*Data excerpt*.

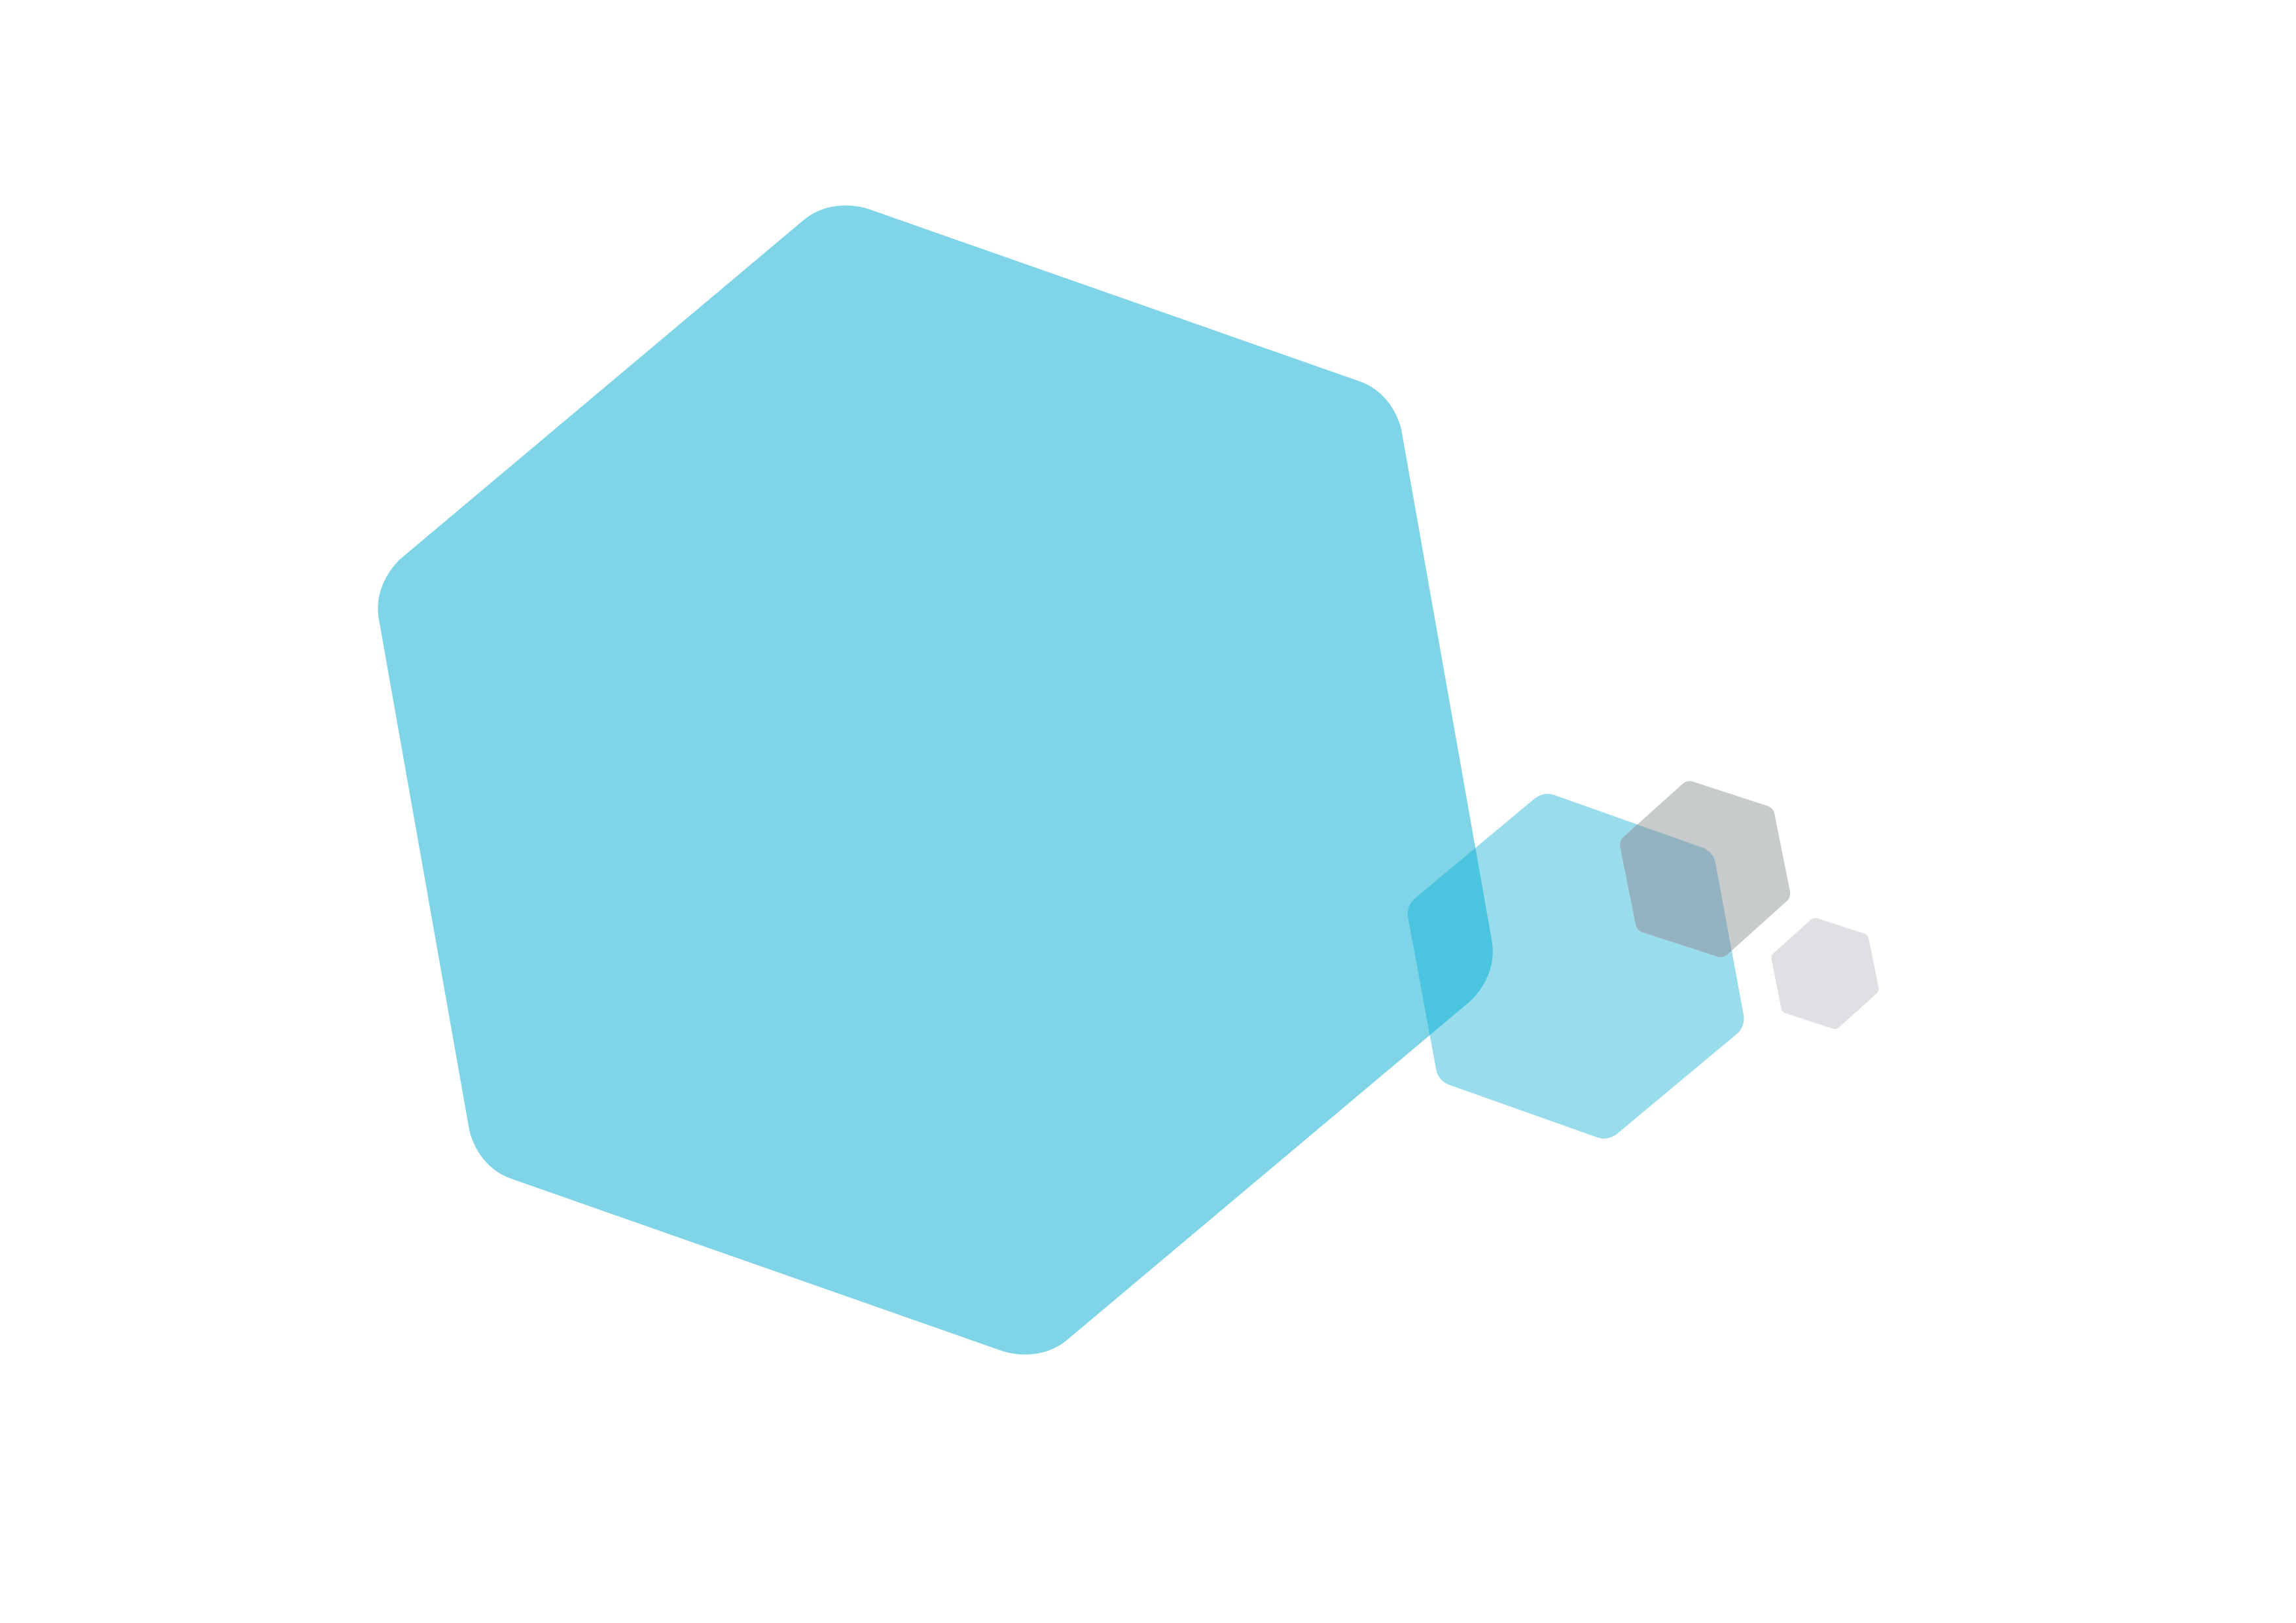 NHSc Hexagon
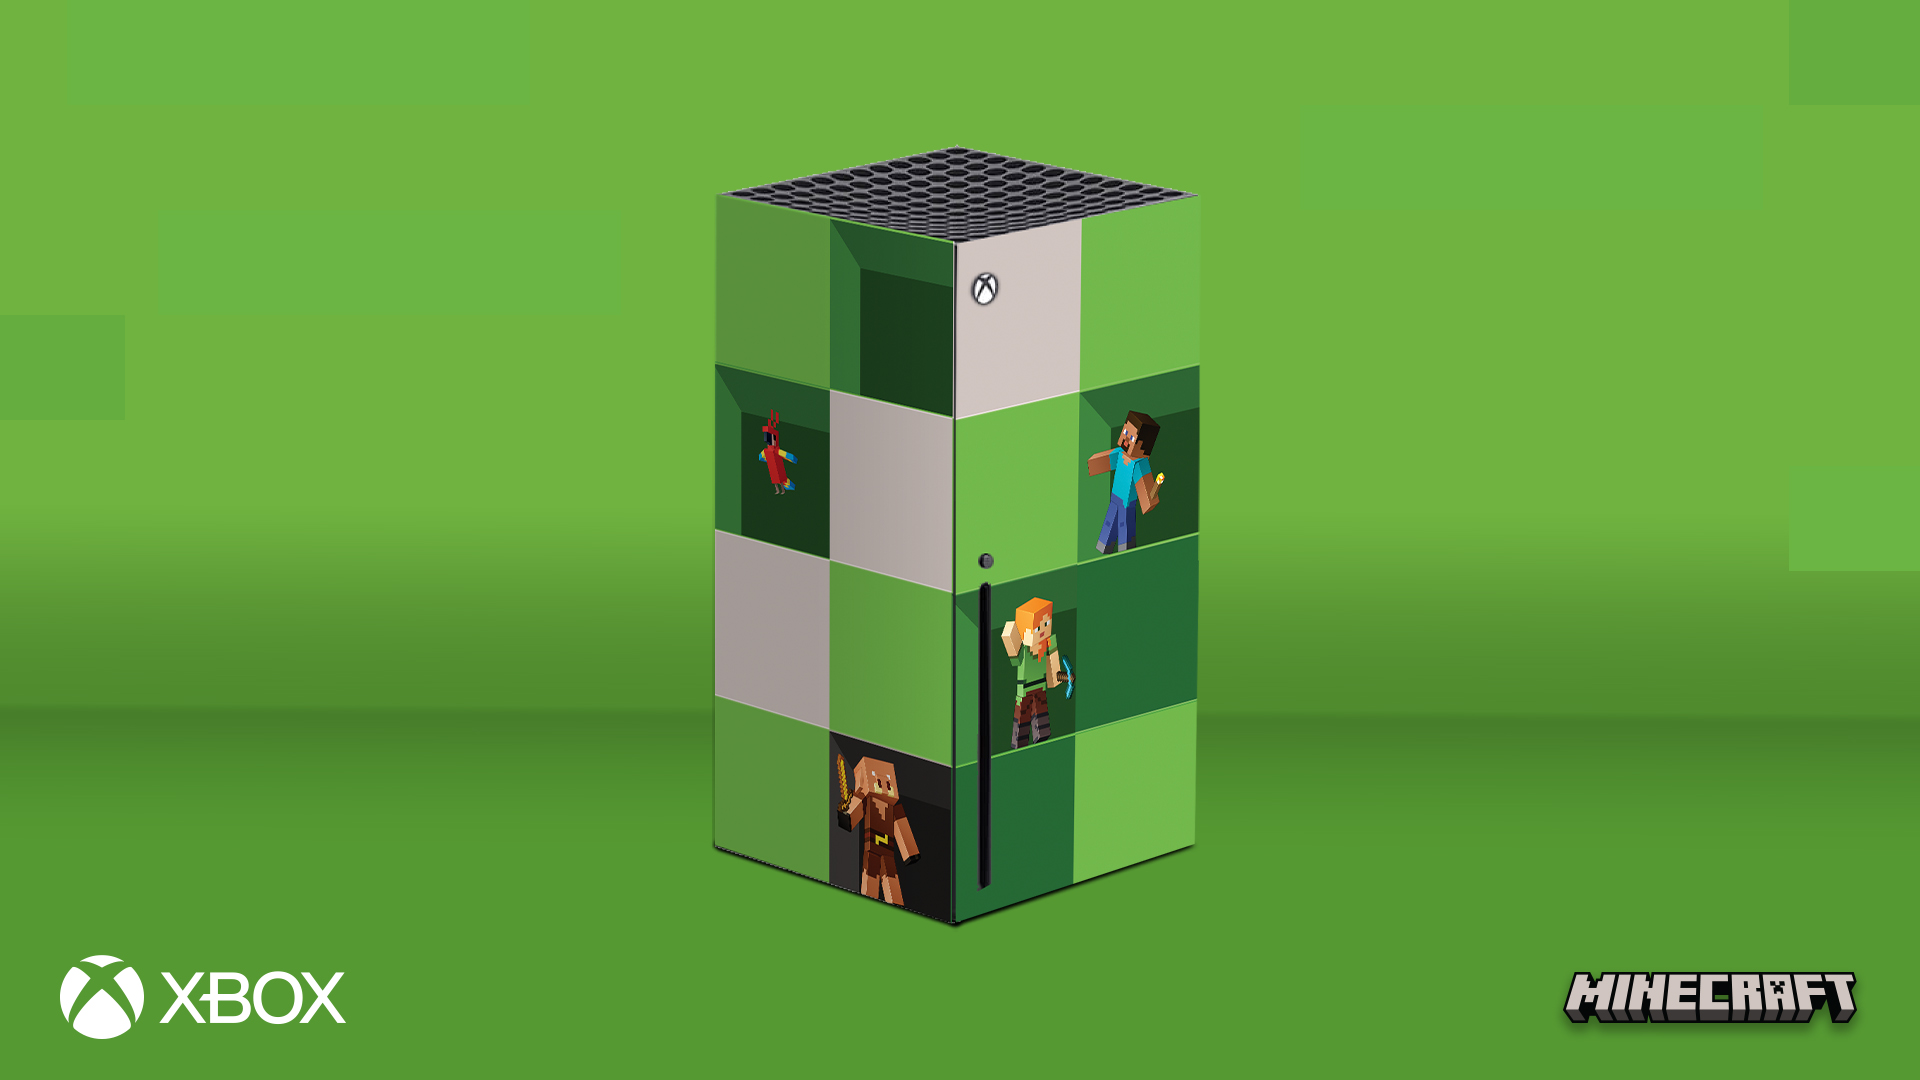 『Minecraft』15 周年記念! Xbox Series X ご購入者にスキンシールをプレゼント!
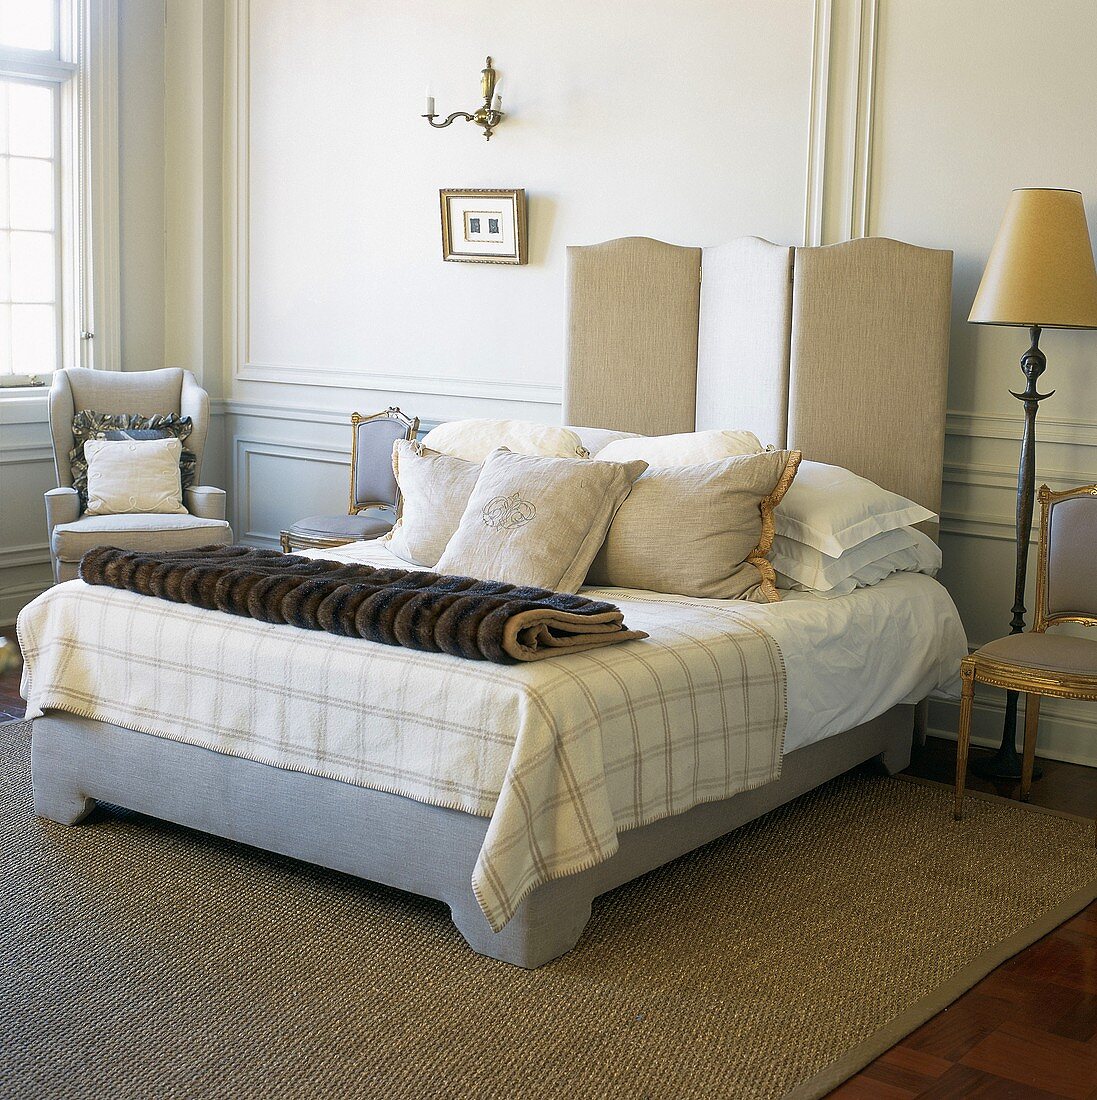 Französisches Bett mit diversen Kissen und Felldecke vor Wandvertäfelung

*Directions*. Reproduce the data verbatim and omit each image.

*Written response*.
 NHSc Hexagon
 『Minecraft』15 周年記念! Xbox Series X ご購入者にスキンシールをプレゼント!
 Französisches Bett mit diversen Kissen und Felldecke vor Wandvertäfelung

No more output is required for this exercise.